Whether you’ve got a new website under development, or are working on new web content for an existing website, you need to stop your test/development content getting search engine indexed for a number of reasons – including SEO reasons.
Many web developers are unaware of how best to do this, so here’s our rundown of the main ways you can prevent indexing:
(1) robots.txt can be used to block crawlers, yet this isn’t a reliable method because search engines will still crawl your test/development content, so your URLs may still be indexed.
You must ensure any robots.txt put in place to block crawlers, from content you want indexing, is removed before your test content goes live.
(2) Robots Meta Tags can be applied to all/specific pages you don’t want indexing – this method is recommended by Google, and will help prevent your test/development content being indexed.

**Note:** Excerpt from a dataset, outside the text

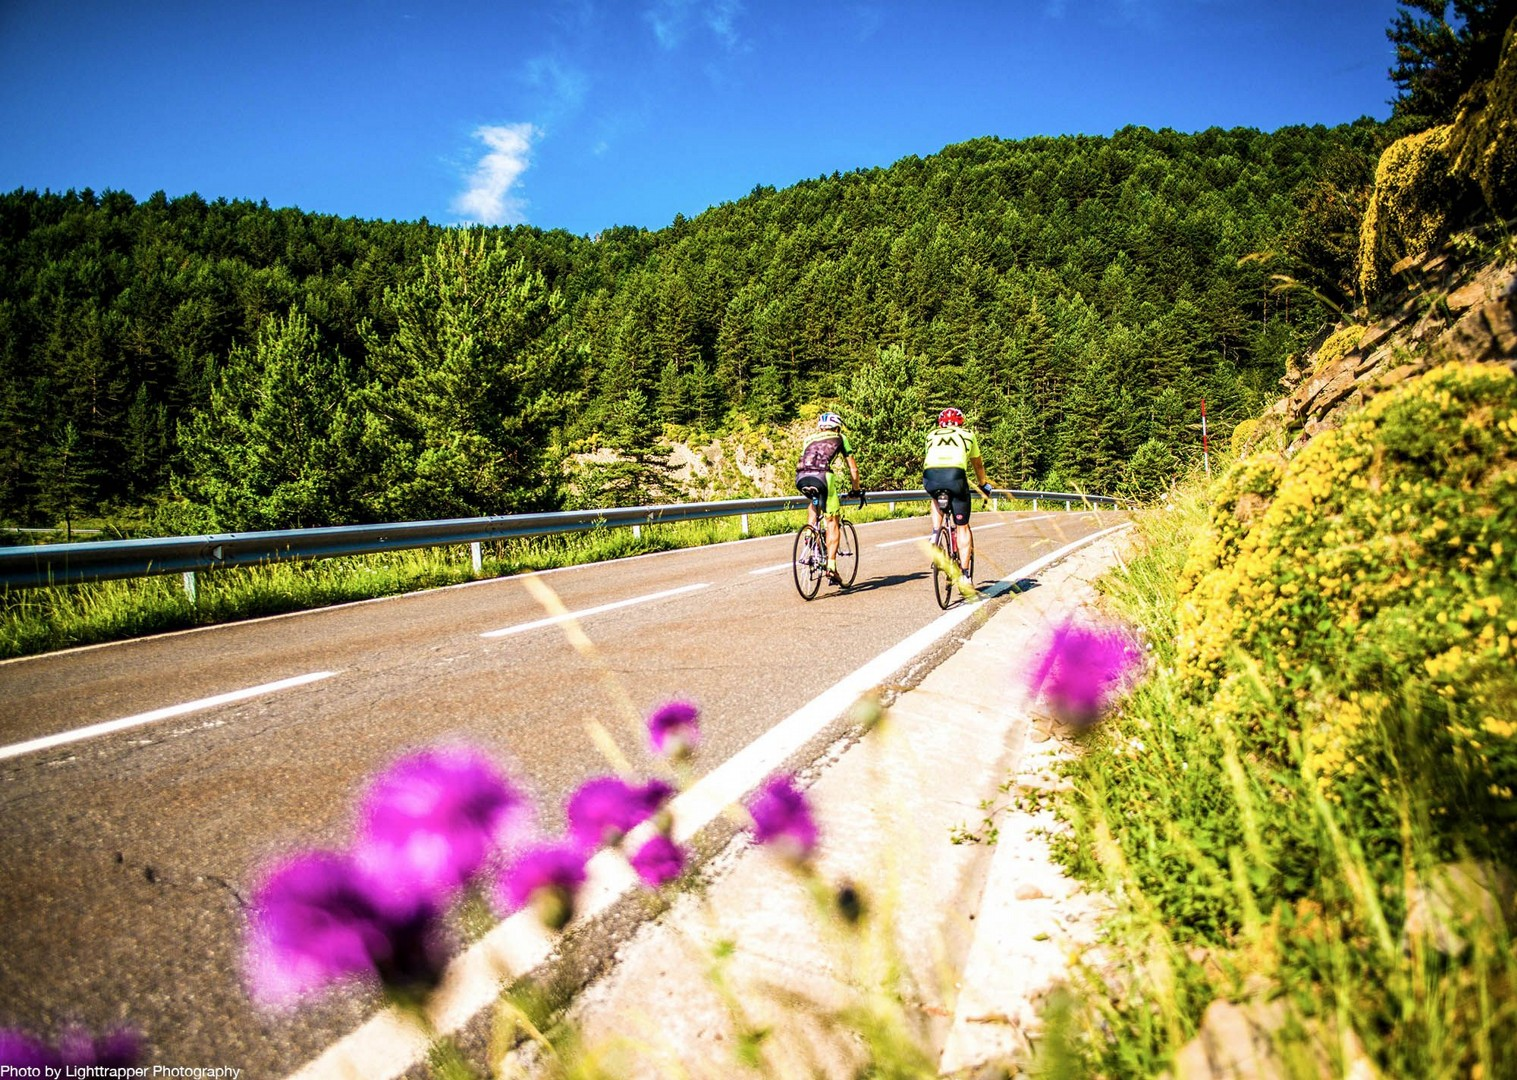 road-cycling-holiday-france-week-pyrenees-saddle-skedaddle.jpg - France - Pyrenees Fitness Week (Grade 2-3) - Guided Road Cycling Holiday - Road Cycling

These meta tags must be removed from content you want to index, before your test/development content goes live.
(3) Password Protecting your test environment is one of the most reliable ways to prevent search engine crawlers from indexing your test/development content.
(4) Giving access to specific IP addresses only allows test environment access to specific external IP addresses – e.g. your own IP plus the IPS of your web developers, whilst blocking search engine IPs, thus preventing indexing of your test/development content (this method doesn’t work with dynamic IPs!).
Here at the Word Waiter, we like to be careful, so we usually put both Robots Meta Tags AND Password Protection in place, though we sometimes use other methods, depending on the project.